I wired the manual switch simply to preheat the bed before the Raspberry Pi boots up and connects to the printer electronics. Here is how I wired it:
Normally, the heatbed would be connected directly to the Printrboard (printer electronics) and would be powered by that. I found it took far too long to heat up, so I added the relay. The current that would normally be applied to the heatbed is instead applied to the relay coil. When the coil is energized, it allows the larger 12v current through straight from the power supply to the heatbed, drastically reducing warmup time. The manual switch is parallel to the relay, meaning if either the manual switch is on OR the Printrboard calls for heat, the heatbed will be energized. Once I connect with the printer and set my heat bed temperature, I turn the manual switch off and let the firmware run the temperature, otherwise it would overheat. The LED turns on whenever the heatbed is turned on, whether from the manual switch or from the printer electronics.

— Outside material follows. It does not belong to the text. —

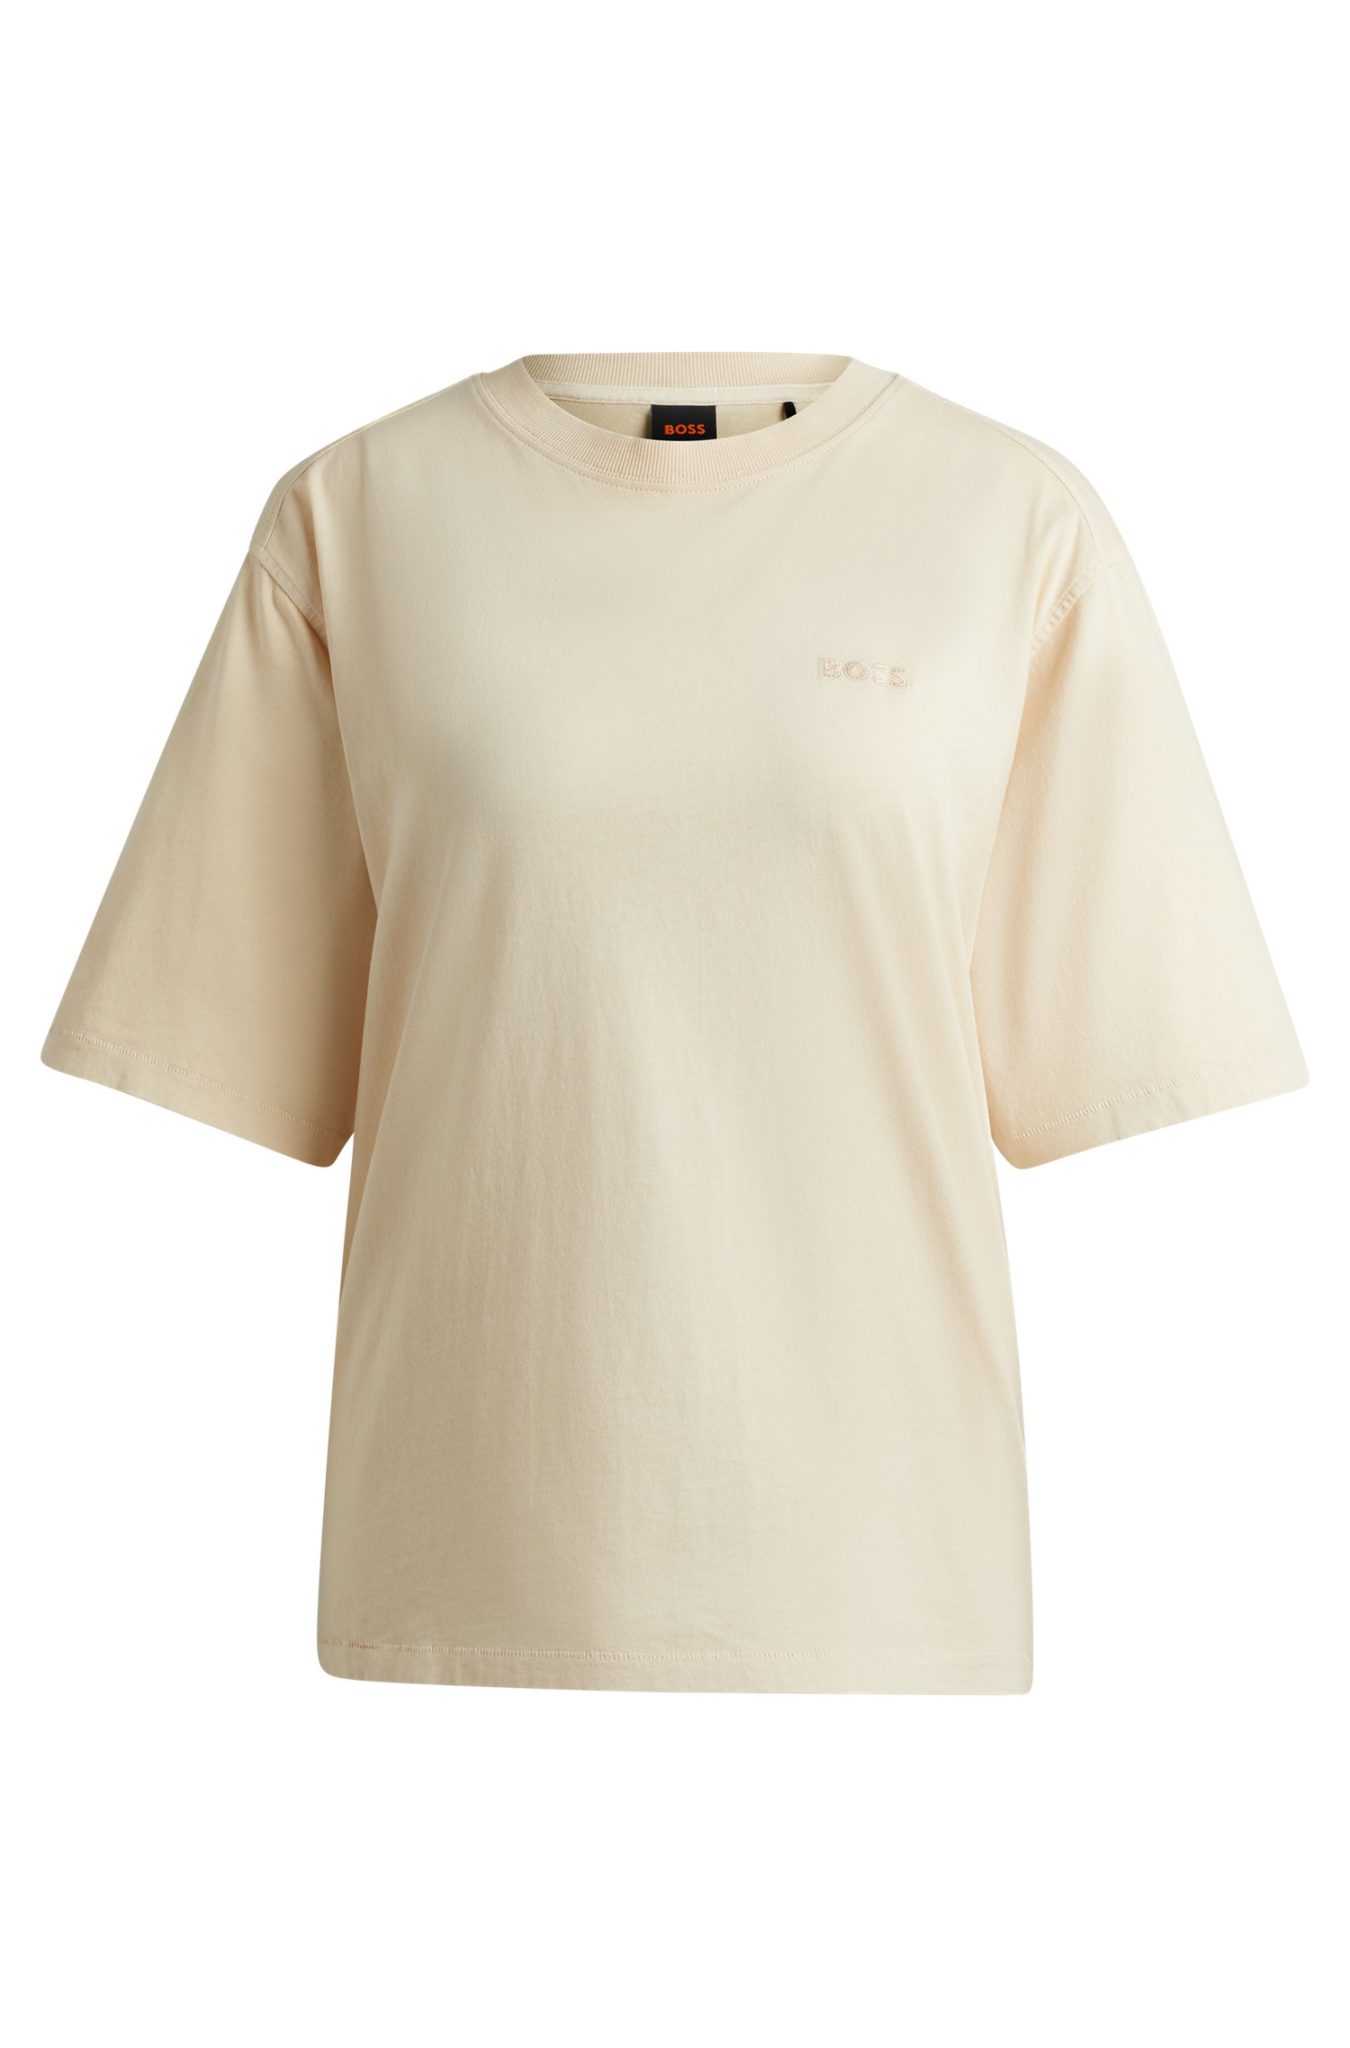 Hugo Boss T-shirt en coton à logo brodé

To connect without the manual switch, which isn't really needed, you would connect the heatbed and the included thermistor (which should be stuck to the underside of the heated bed) to your printer electronics on the appropriate pins. The thermistor is to read the temperature of the heated bed.

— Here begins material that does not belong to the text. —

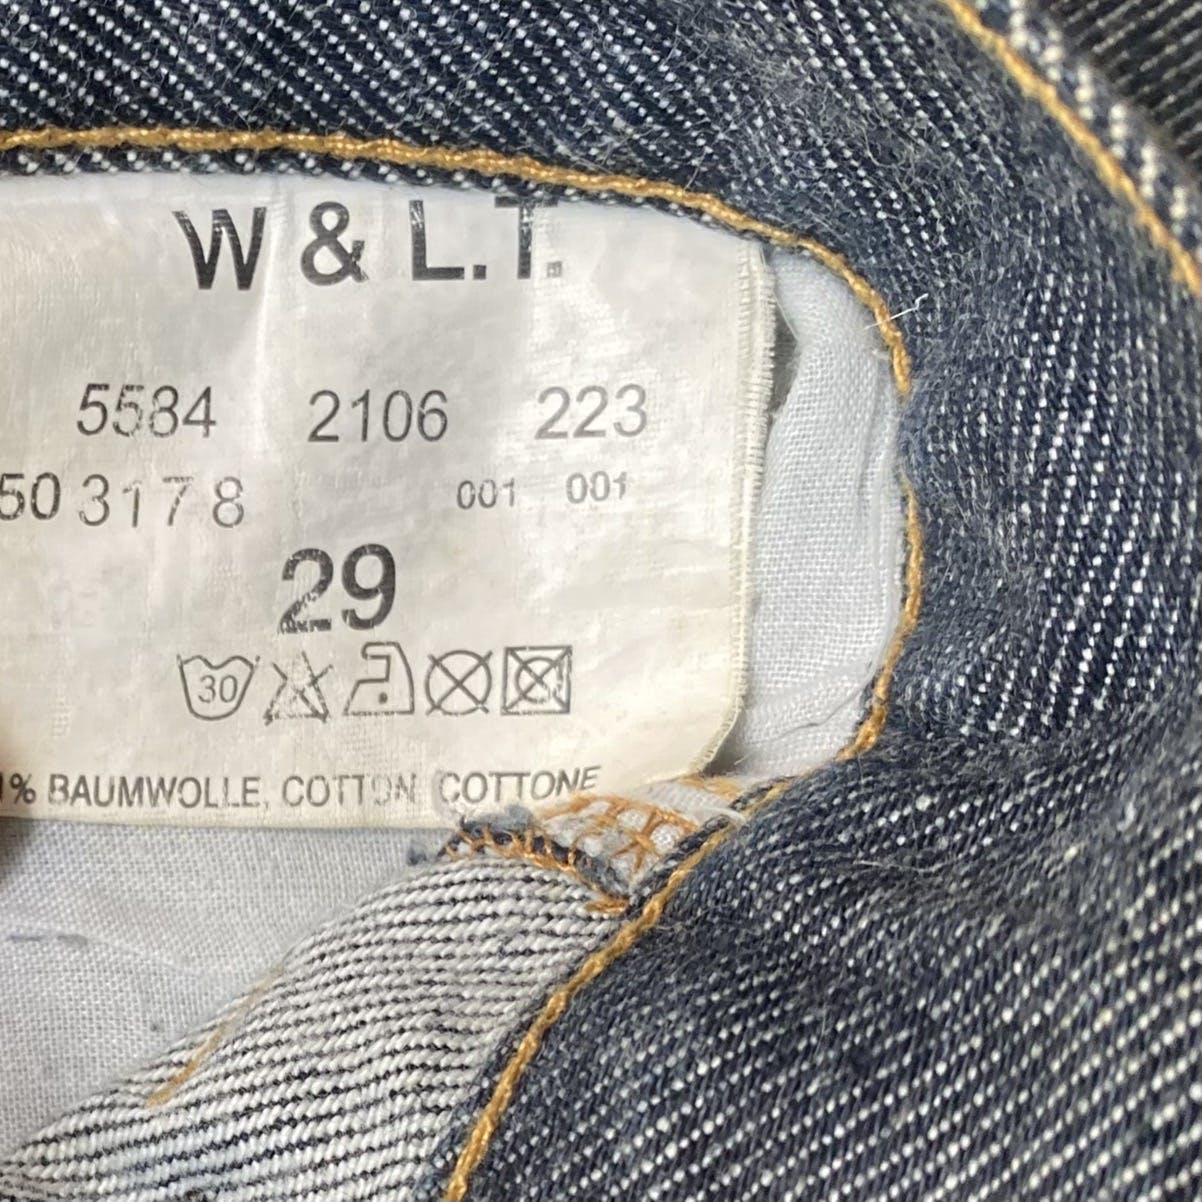 W&LT Double Pocket Jeans - 8

Yes, the heated bed is mostly to get the first layer of the print to stick. However, if you print with ABS like I do, you would find its very sensitive to temperature. On larger prints, it has a tendancy to warp and pull up from the bed on sharp corners. By increasing the ambient air temperature (inside my enclosure, it only gets up to around 40 degrees C with no heater) it reduces the tendency for ABS to warp. You might find that the heater is unnecessary, the heated bed supplies plenty of heat and would heat a small enclosure nicely. Bringing the temperature up too far (60 C +) would result in the actual printer parts softening and warping, which would be bad.
My printer firmware doesn't have the hotbed option so I guess I won't need the termistor that came with the bed and just put on a switch between the bed and the power supply.

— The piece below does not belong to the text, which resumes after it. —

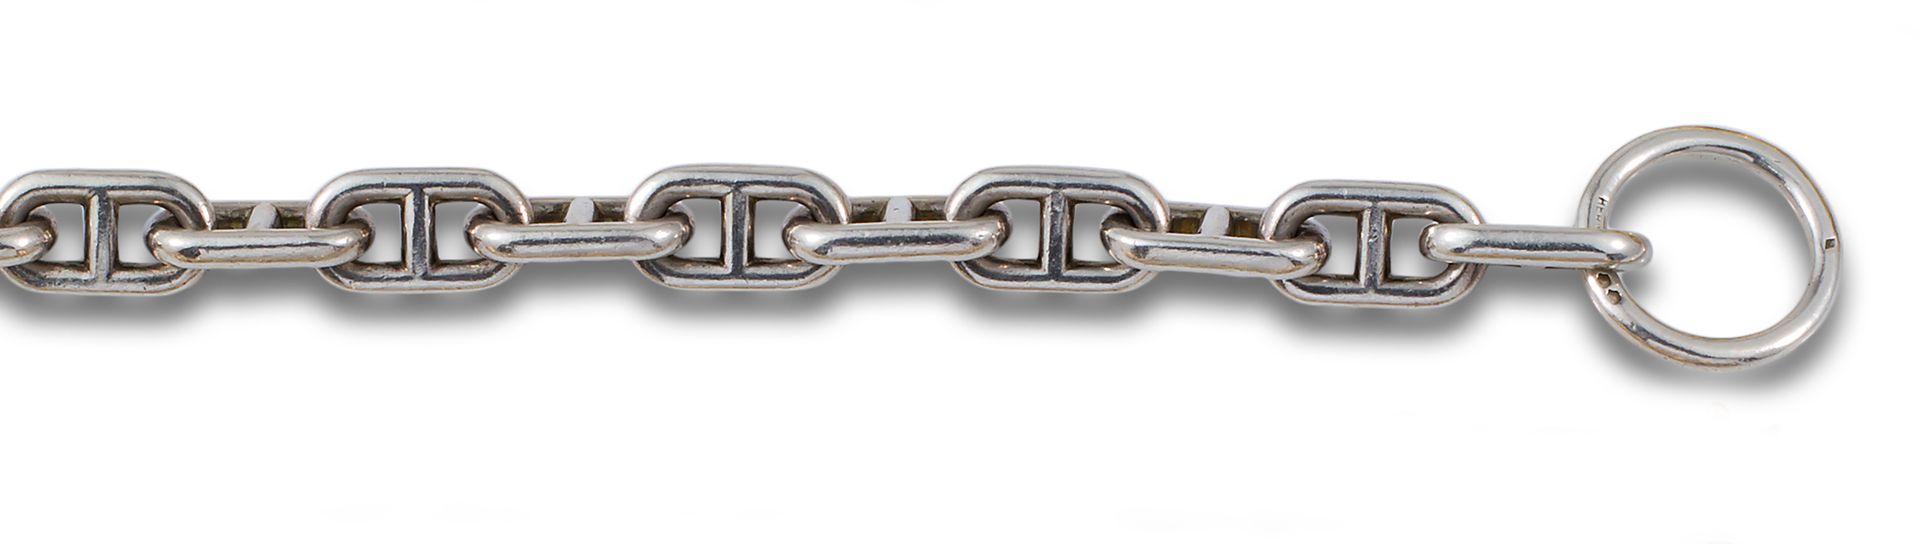 SILVER BRACELET SIGNED HERMÉS Bracciale in argento firmato HERMES, modello "Chaî&hellip;

Re: Mr. Fusion - Custom Designed 3D Printer
Really? What printer is it?
Prusa i3. I don't remember seem the temperature control related stuff in the code.
Okay, well a Prusa i3 should most definitely have a temperature controlled heatbed. A Prusa is a Reprap derivative, so could have a variety of control electronics and firmware. What electronics do you have?
To be honest no idea, I use Arduino to load the code but the board might be a copy. Got a screen showing the extruder temperature, printing time etc.
Okay, you can figure out what board you are using. I'm assuming you know how to compile and upload the firmware. If you open up your firmware .pde file, there should be a bunch of tabs. If you go into Configuration.h, near the top should be #define MOTHERBOARD xx, where xx is the number of your motherboard. That should tell you what electronics you are on.
A few lines down in my firmware, I have #define TEMP_SENSOR_0 1 (this should be your hotend thermistor)
and then #define TEMP_SENSOR_BED 1 (which would be the heated bed thermistor).
This is the first and only indication that I have a heated bed in my firmware, aside from the pins.h file which contains the pinouts for whatever motherboard you have.
It says motherboard 33, what does that mean?
That indicates that you have a RAMPS 1.3 or 1.4 board, which definitely supports a heated bed:
It should be as simple as wiring the thermistor and the bed to the appropriate pins according to this (assuming it looks the same as the board on your Prusa. I would bet its a 1.4):
I'm going to confirm the rest connections are the same then give it a go, but my screen clearly doesn't plan to show bed temperature so I will take a look at the code too.
Thanks! I'll let you know tomorrow if I manage to pull it off.